Exercise:
Transcribe the listing below exactly, without pictures.

Source data:
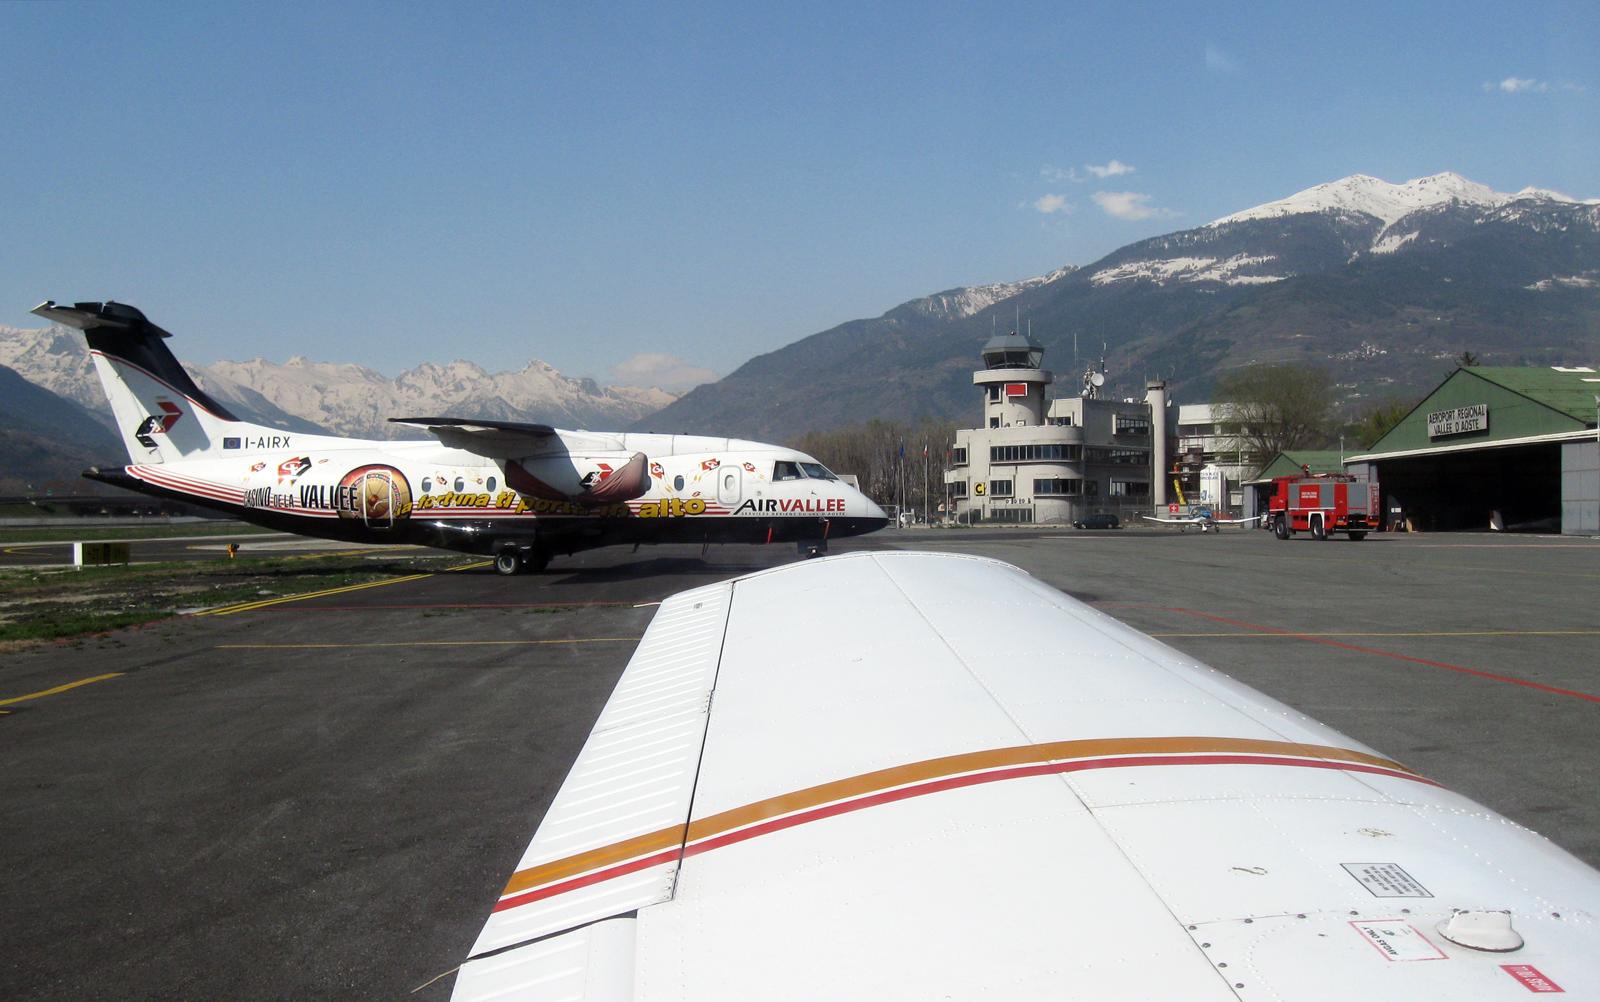 Aeroporto Aosta : File aeroporto di aosta limw wikimedia commons
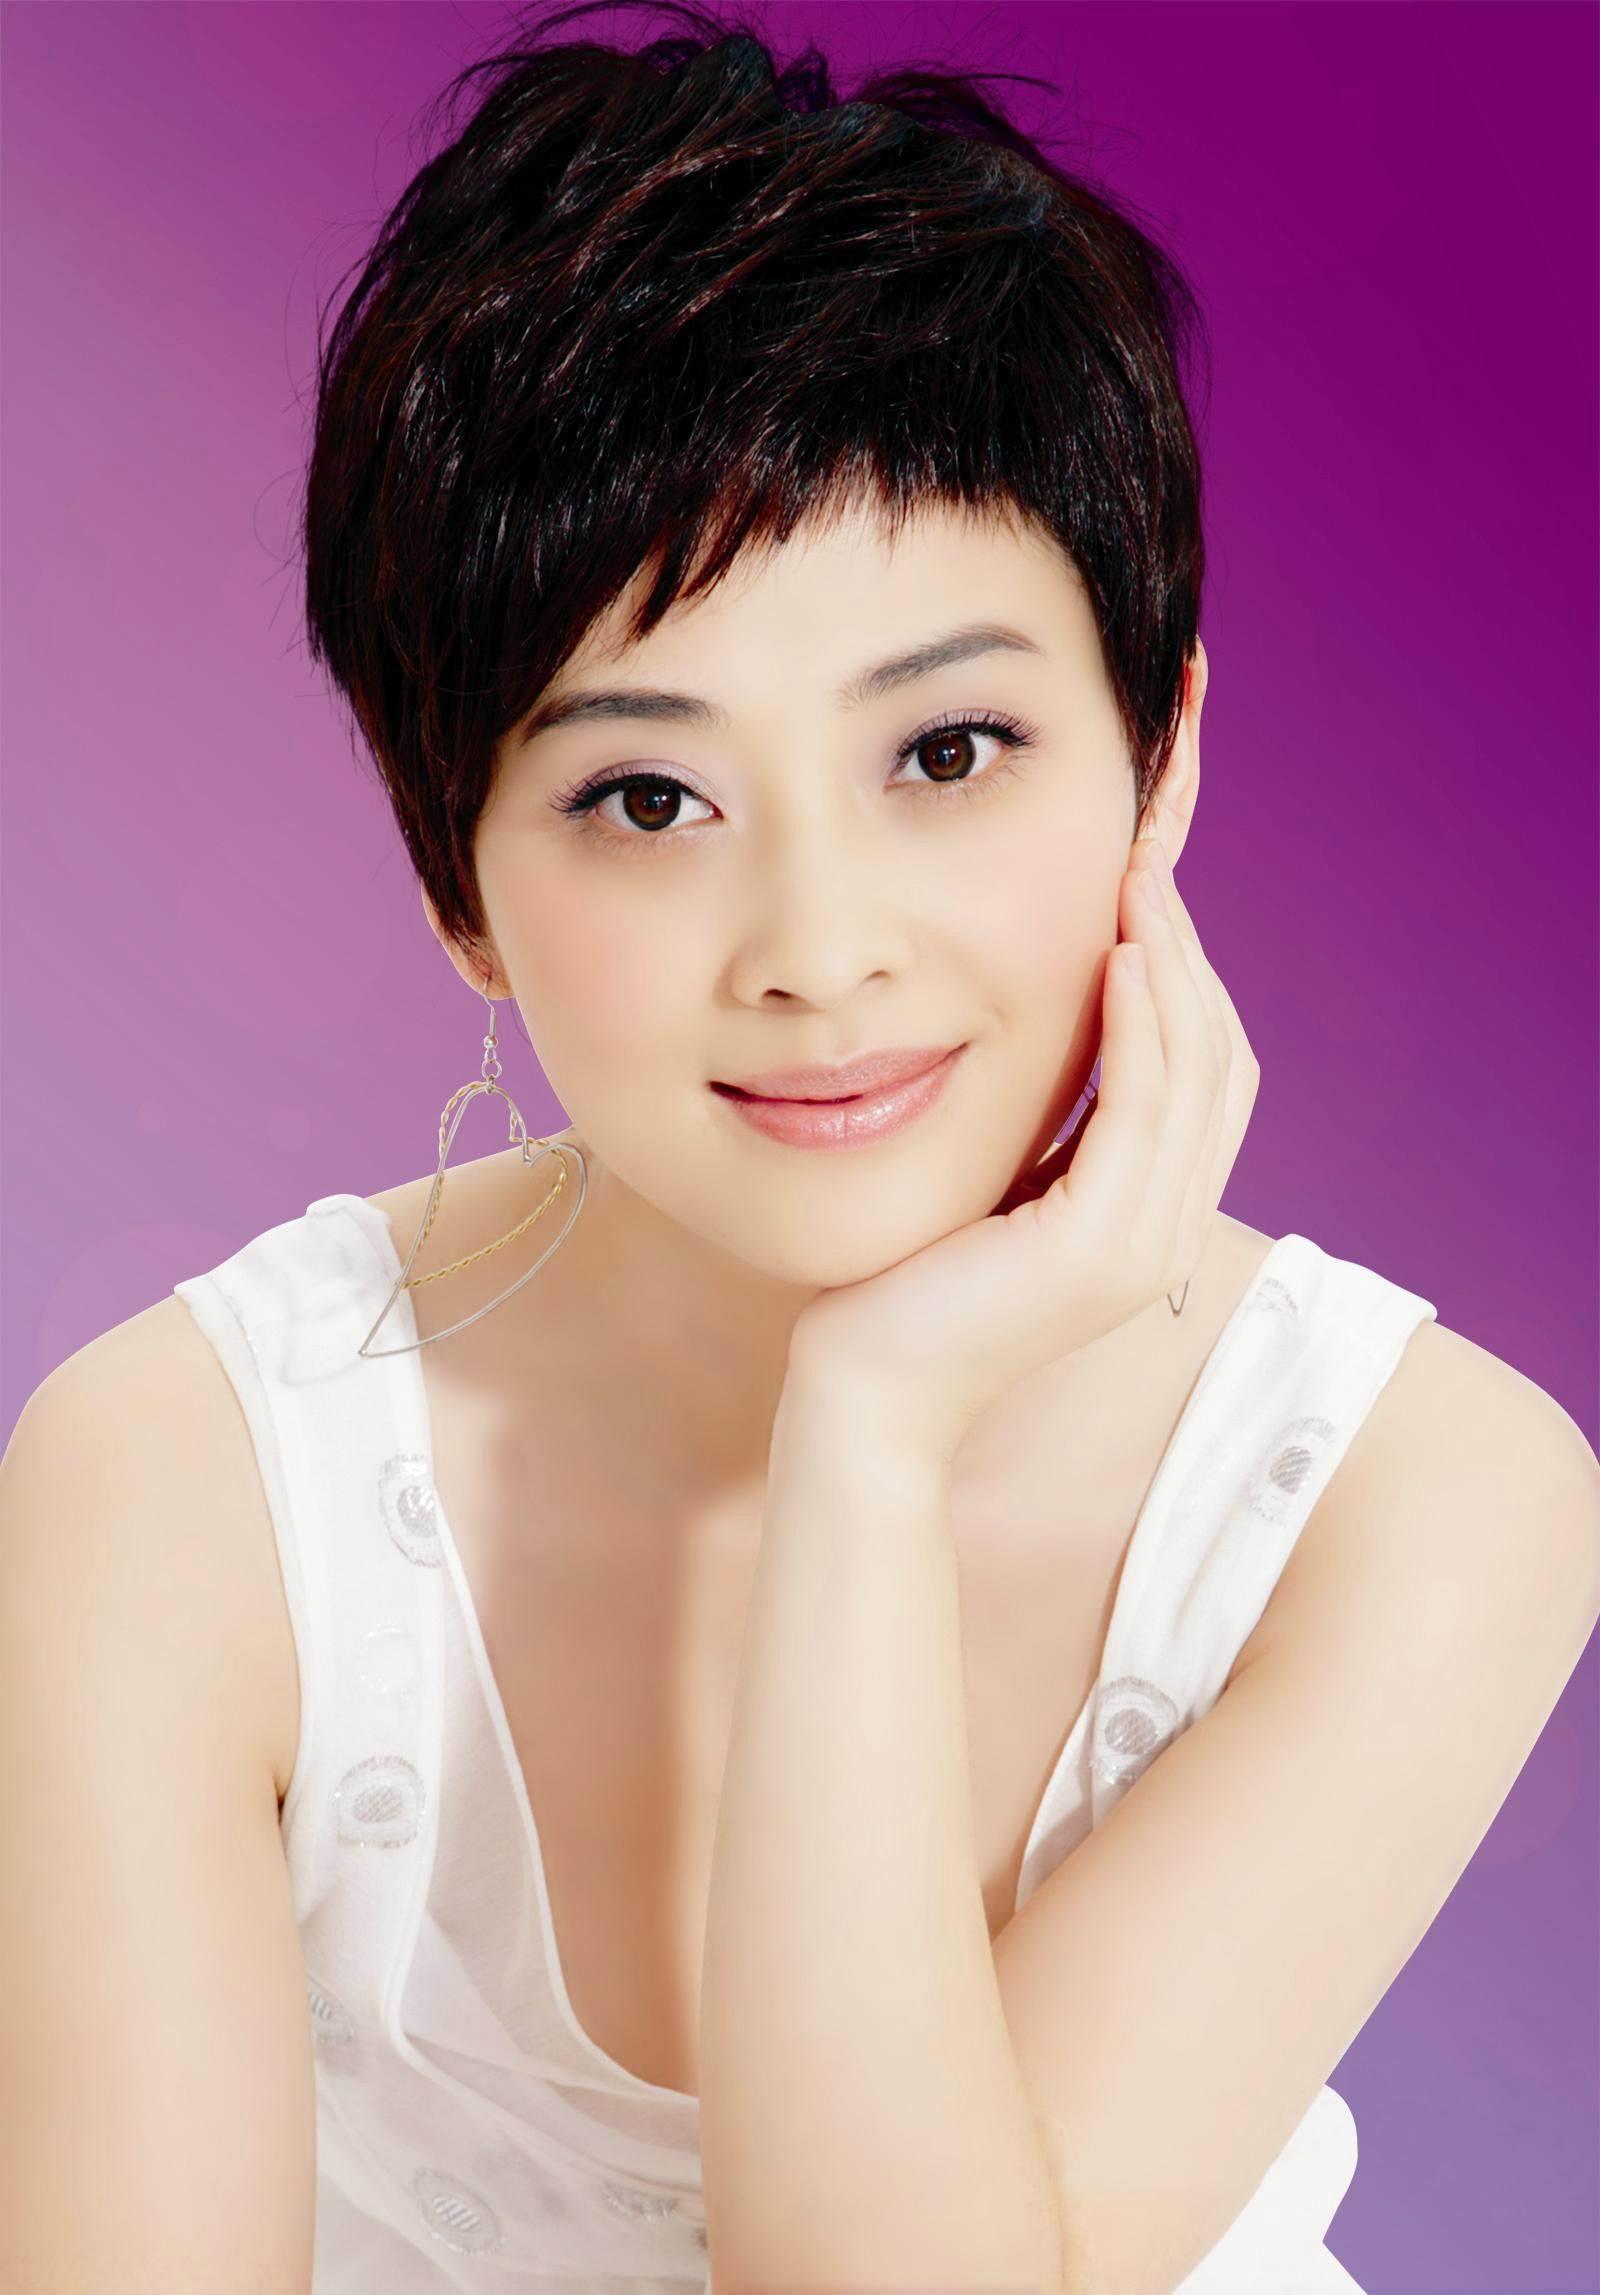 韩国明星中短发发型_女明星时尚短发舞会发型 明星中短发发型图片
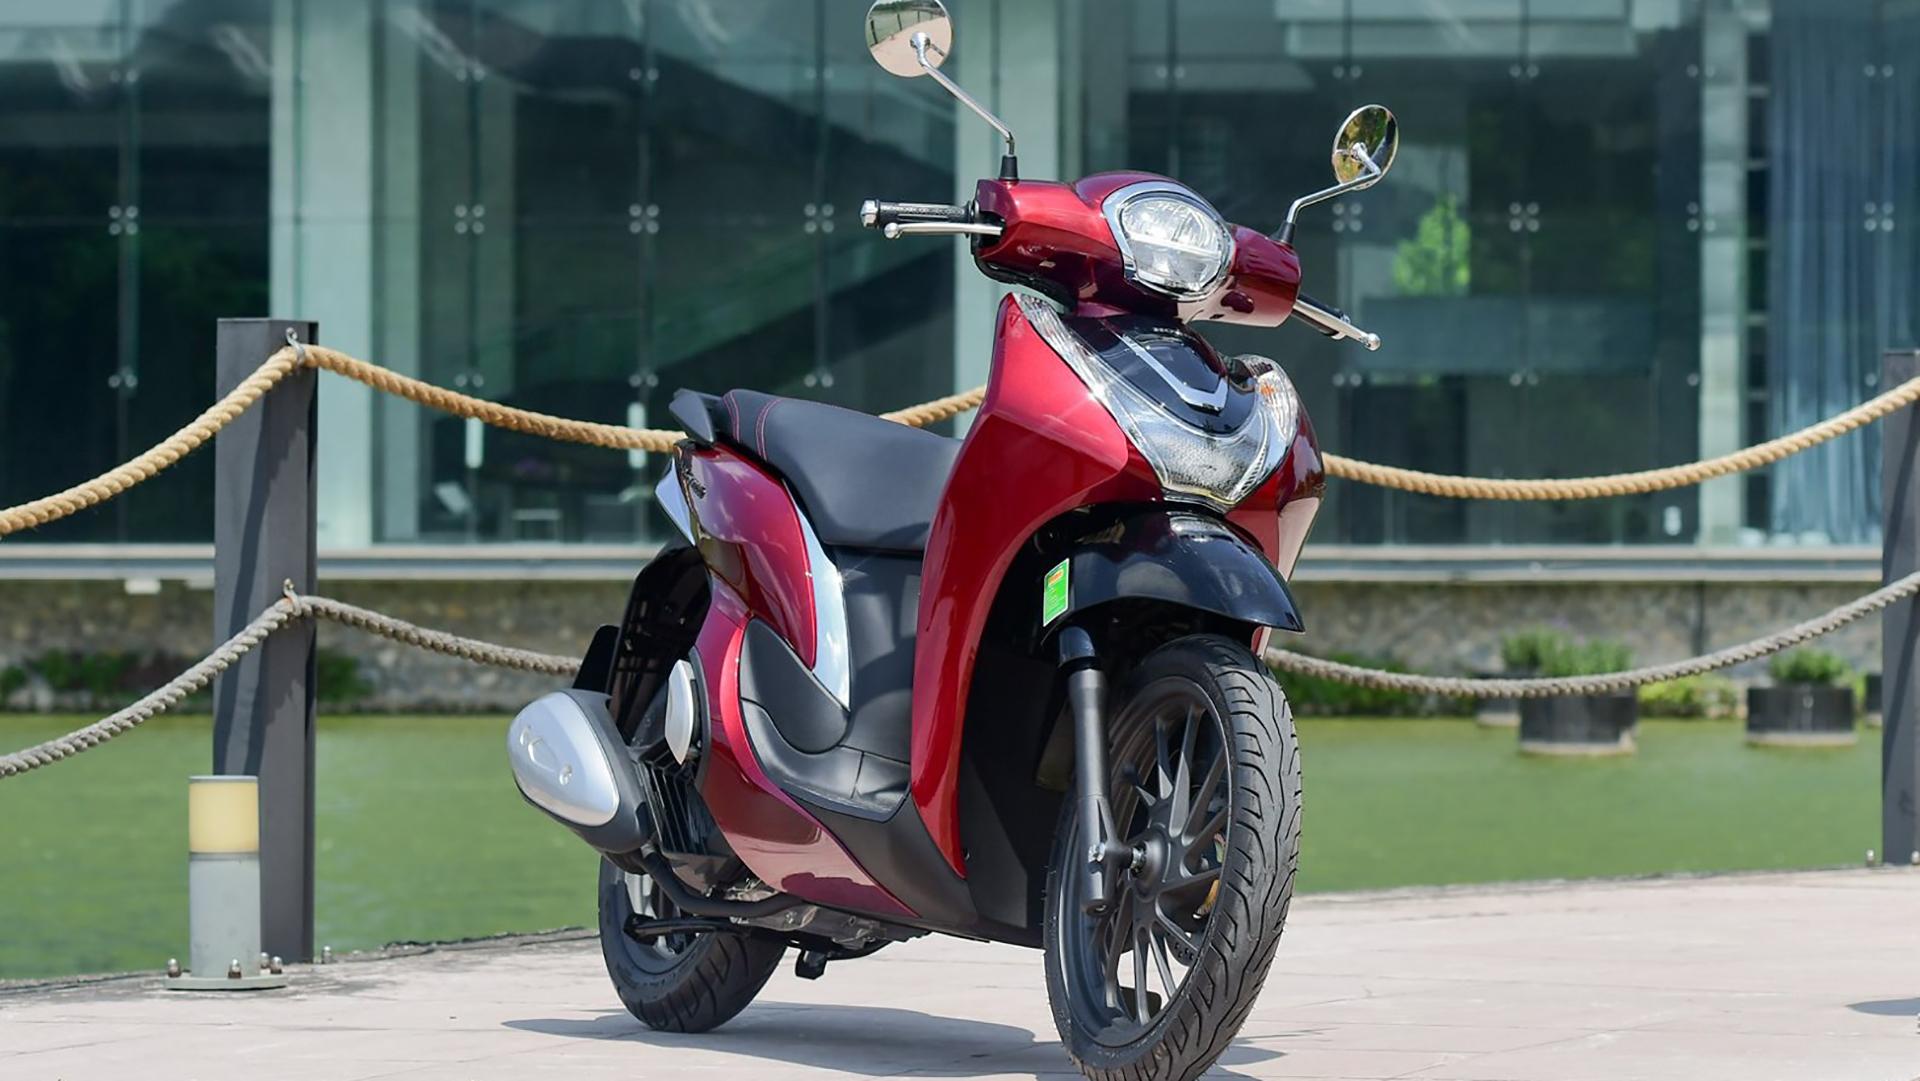 """Chạy thử và đánh giá Honda Sh mode 2021 - Thiết kế đẹp, máy êm, ăn xăng như """"ngửi""""?"""

Exercise solution:
 Aeroporto Aosta : File aeroporto di aosta limw wikimedia commons
 韩国明星中短发发型_女明星时尚短发舞会发型 明星中短发发型图片
 """Chạy thử và đánh giá Honda Sh mode 2021 - Thiết kế đẹp, máy êm, ăn xăng như """"ngửi""""?"""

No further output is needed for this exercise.